## Dataset extract:
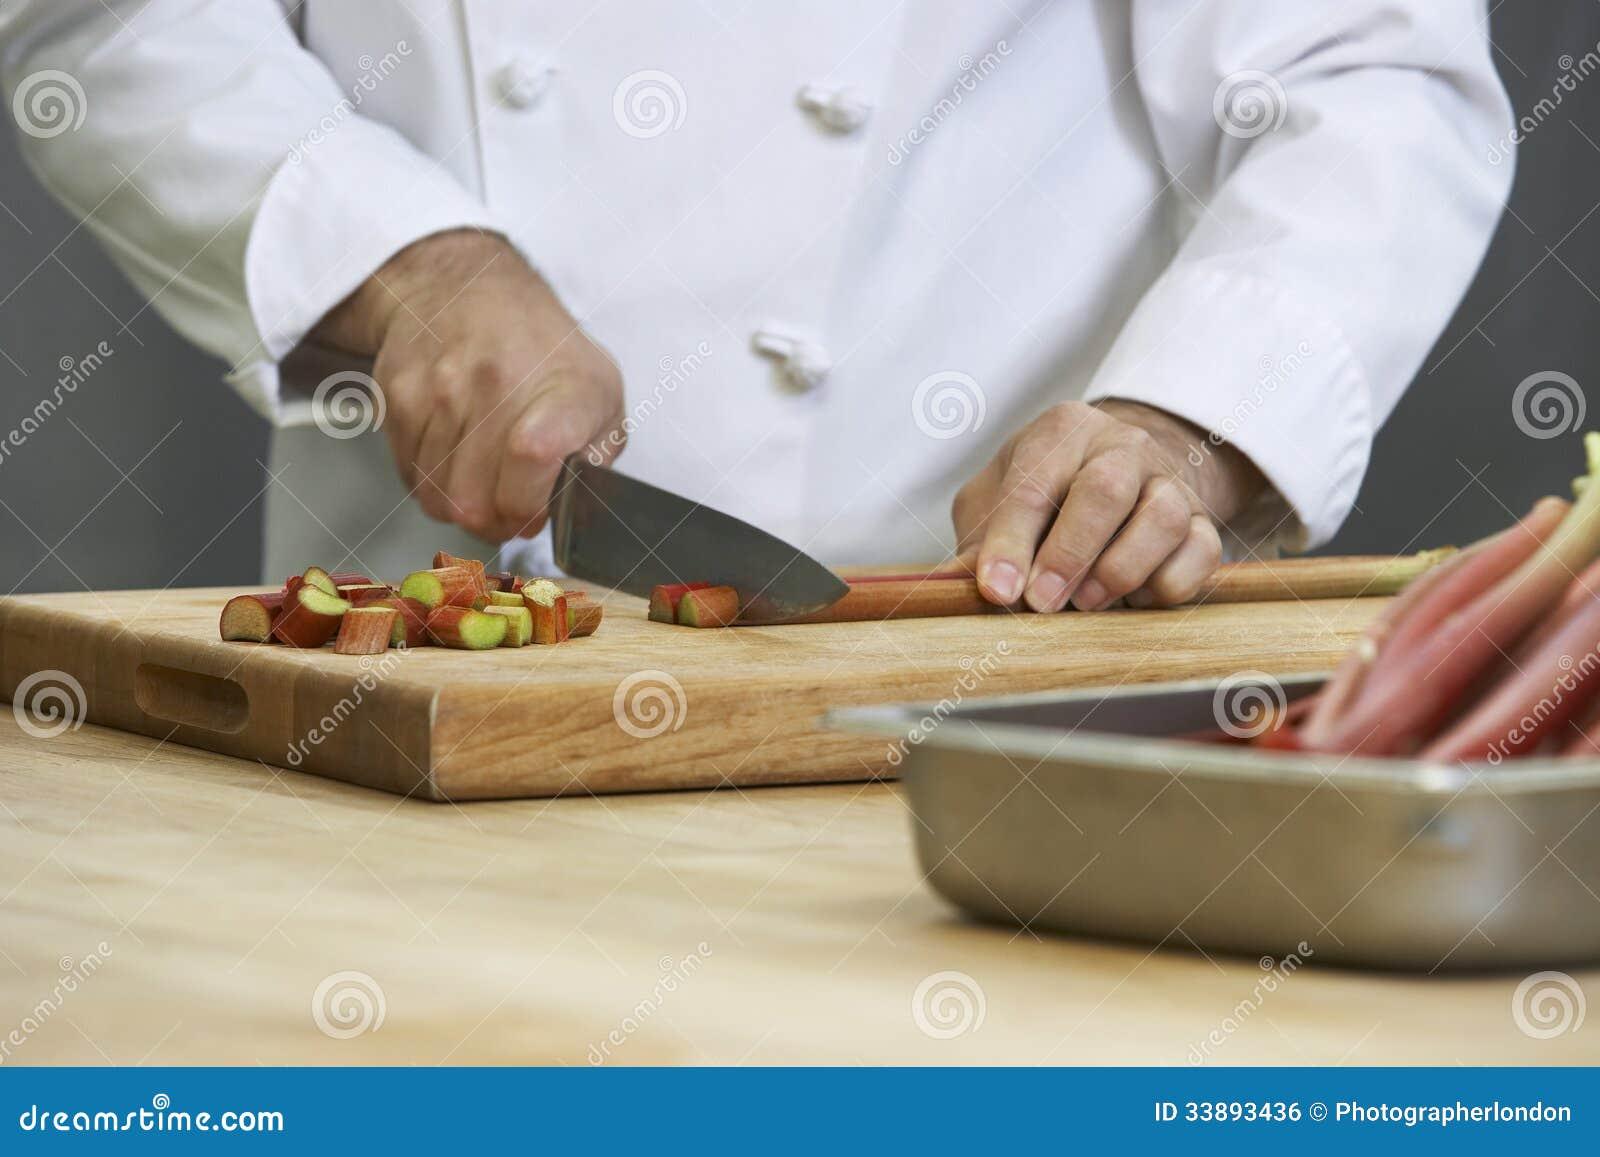 Kock Chopping Rhubarb
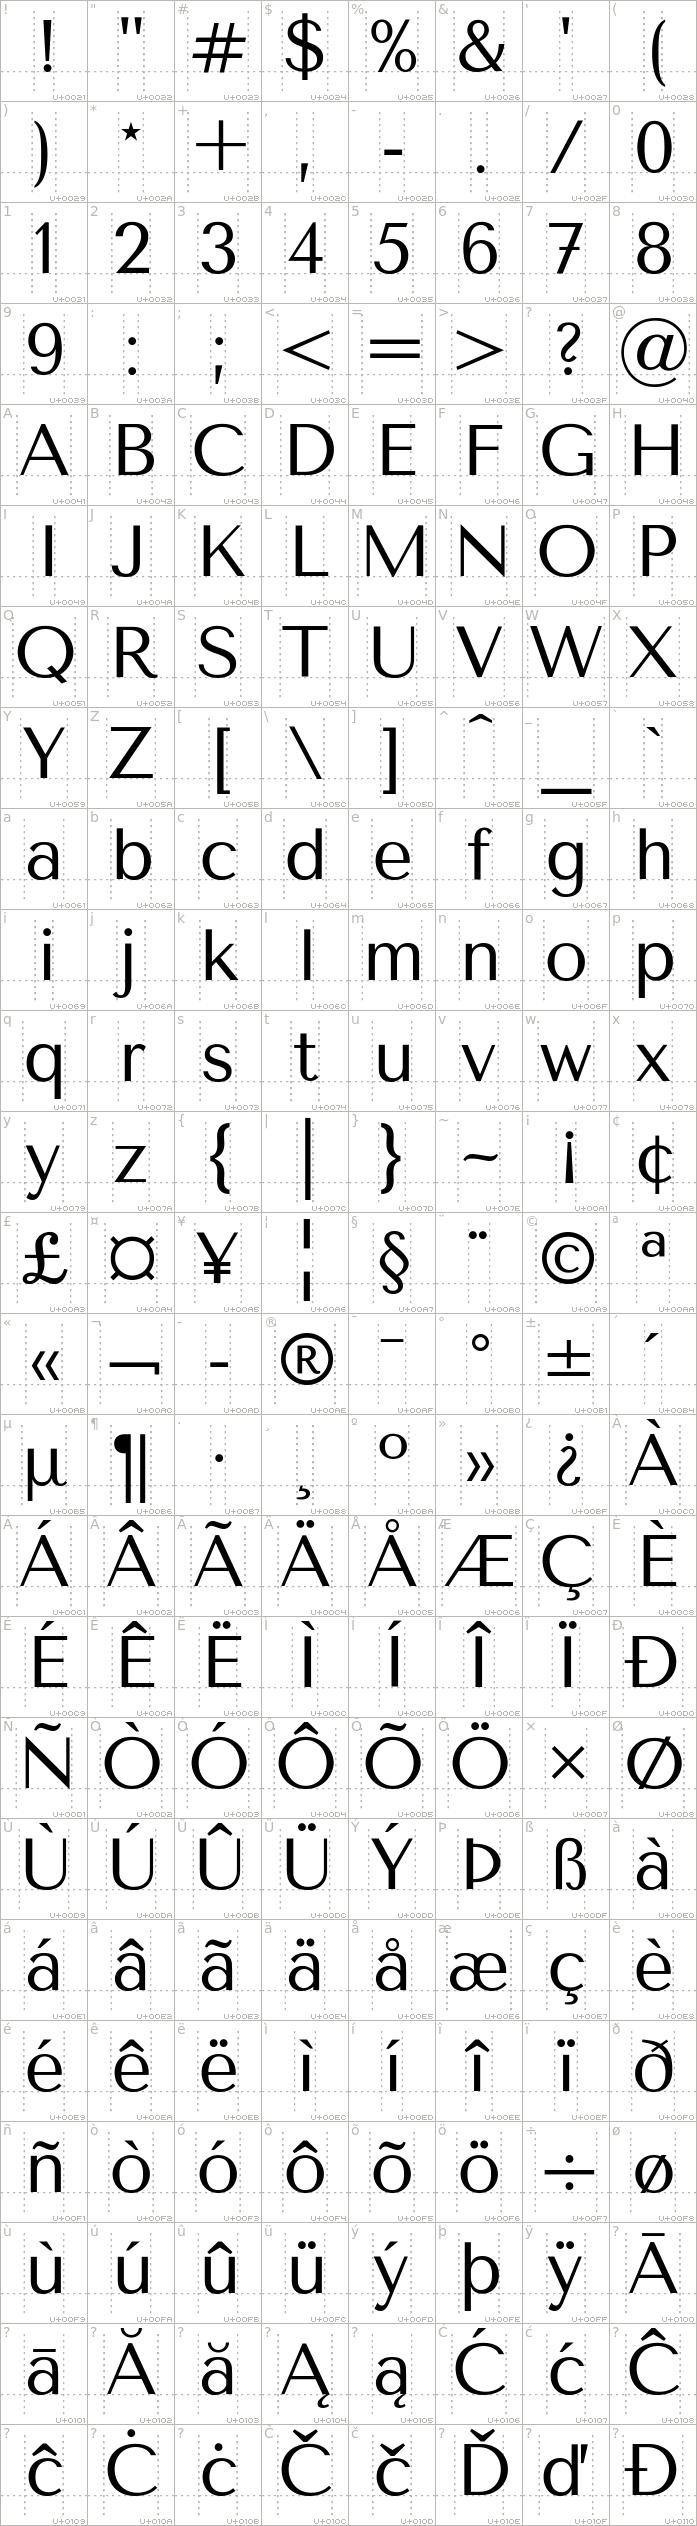 tenor-sans.regular.character-map-1
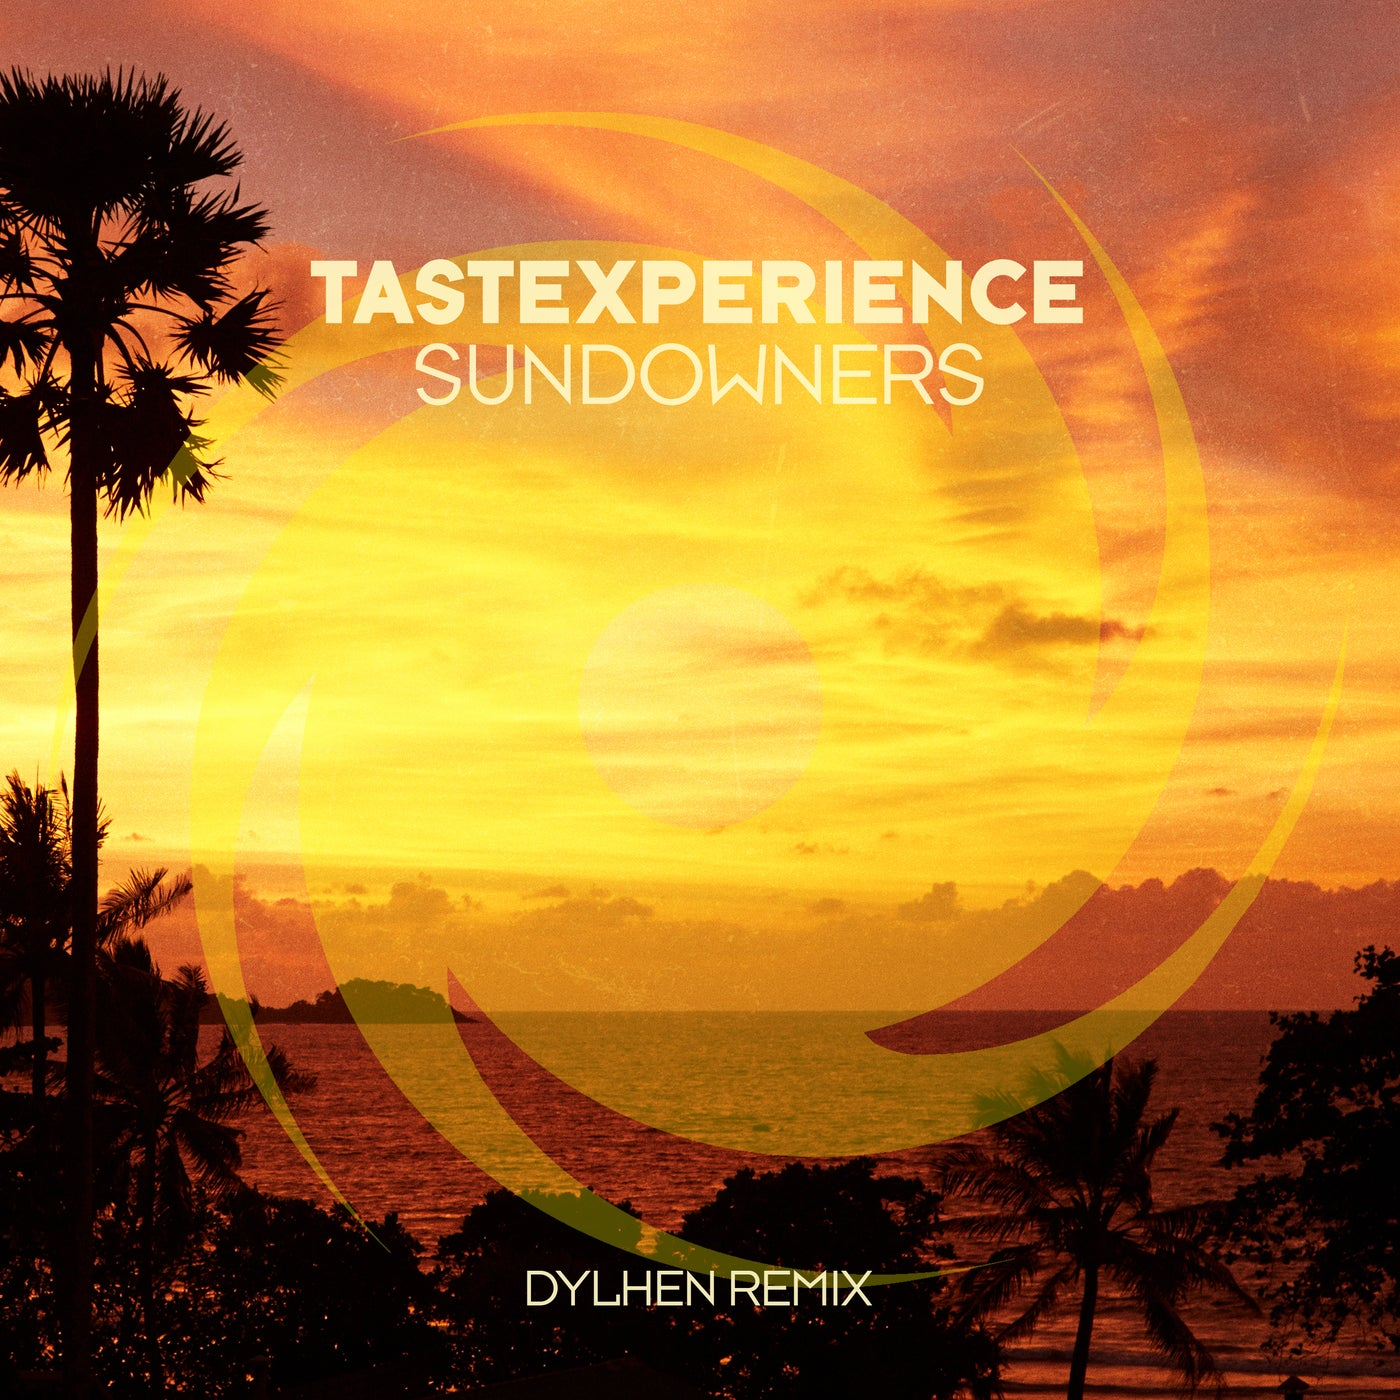 Sundowners (Dylhen Extended Remix)

## Exercise description:
Leave out the pictures, then return every line of the data exactly.

## Exercise response:
 Kock Chopping Rhubarb
 tenor-sans.regular.character-map-1
 Sundowners (Dylhen Extended Remix)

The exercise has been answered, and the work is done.